Given that lithium has a capacity of up to 3860mAh/g, a small amount of addition can usually achieve the effect of lithium supplementation. Similar to reducing lithium powder, directly contacting the negative electrode with lithium metal (lithium foil, etc.) can also play a pre-lithiation effect. At this time, the degree of pre-lithiation is relatively difficult to control, and the relevant technical requirements of lithium foil are also high.
Lithium-related alloys (alloys formed from lithium and metals of the fourth main group, etc.) are also used for lithium supplementation: they have a low voltage to lithium, a high capacity, and may be slightly more chemically stable than lithium. For example, lithium-silicon alloys coated with artificial SEI can be stable to dry air (that is, unstable to humid air). Lithium-related alloys can be added as powders or as foils for contact lithium supplementation.
In lithium battery industry, electrode materials, electrolytes and electrode-electrolyte interfaces conduct carriers, and electrodes, current collectors, and external circuits conduct electrons. Efficient transport of lithium ions requires high corresponding bulk phase, interfacial ionic conductance, and sufficient contact between electrolyte and electrode.

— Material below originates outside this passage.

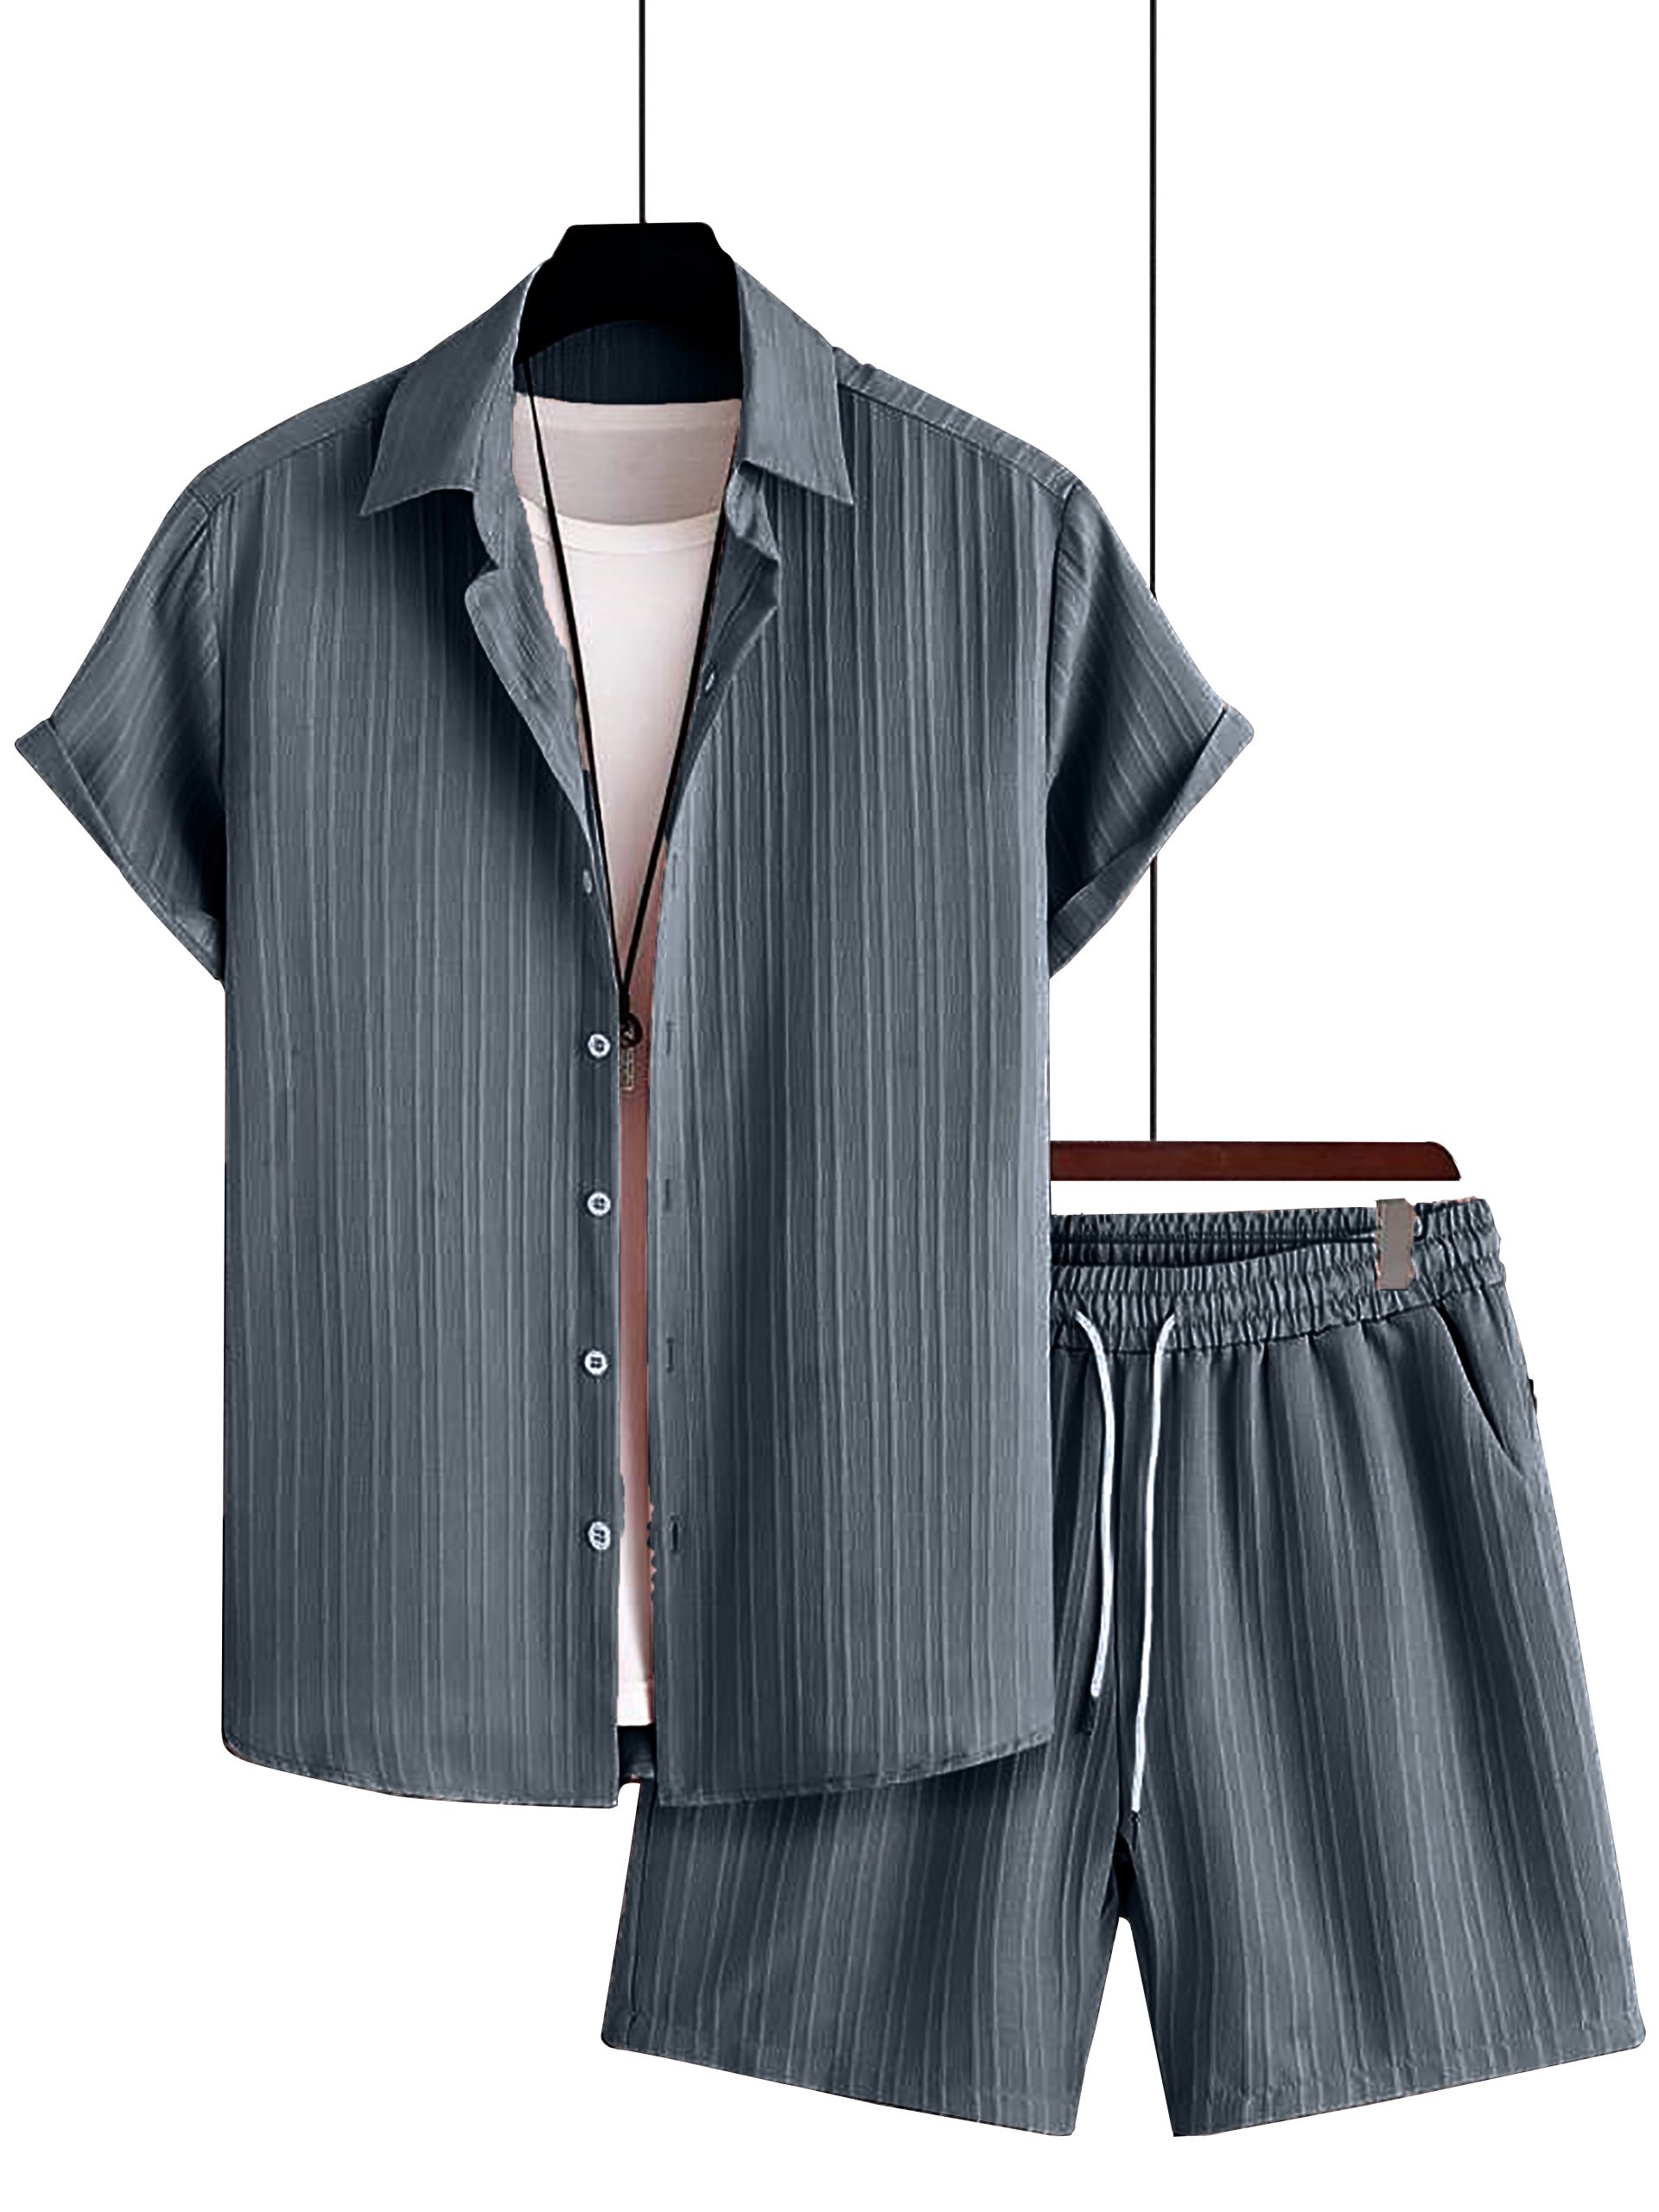 Men's Pajamas Set - Night Suits, Sleepwear, and Loungewear | PajamaTribe –  Pajama Tribe

The effective transport of electrons requires high corresponding bulk phase and interfacial electronic conductance, so the application of conductive agents in electrode materials to improve interfacial electron transport properties has become an important measure to optimize lithium battery industry performance. Compared with conventional carbon black, carbon nanotubes can significantly improve the electronic conductivity of lithium battery industry materials.
Of course, a certain degree of compounding of the two, especially the compounding of carbon tubes and high-end carbon black, is of positive significance. When carbon tubes with higher aspect ratios dominate, the electronic conductance of the lithium battery industry material is higher.
But this does not mean an infinite increase in the amount and proportion of high aspect ratio carbon tubes. The overall performance and cost of the lithium battery need to be considered. In the foreseeable future, carbon tubes are still the representative of high-end conductive agents, and depending on their cost control, they will gradually penetrate to the middle and low end.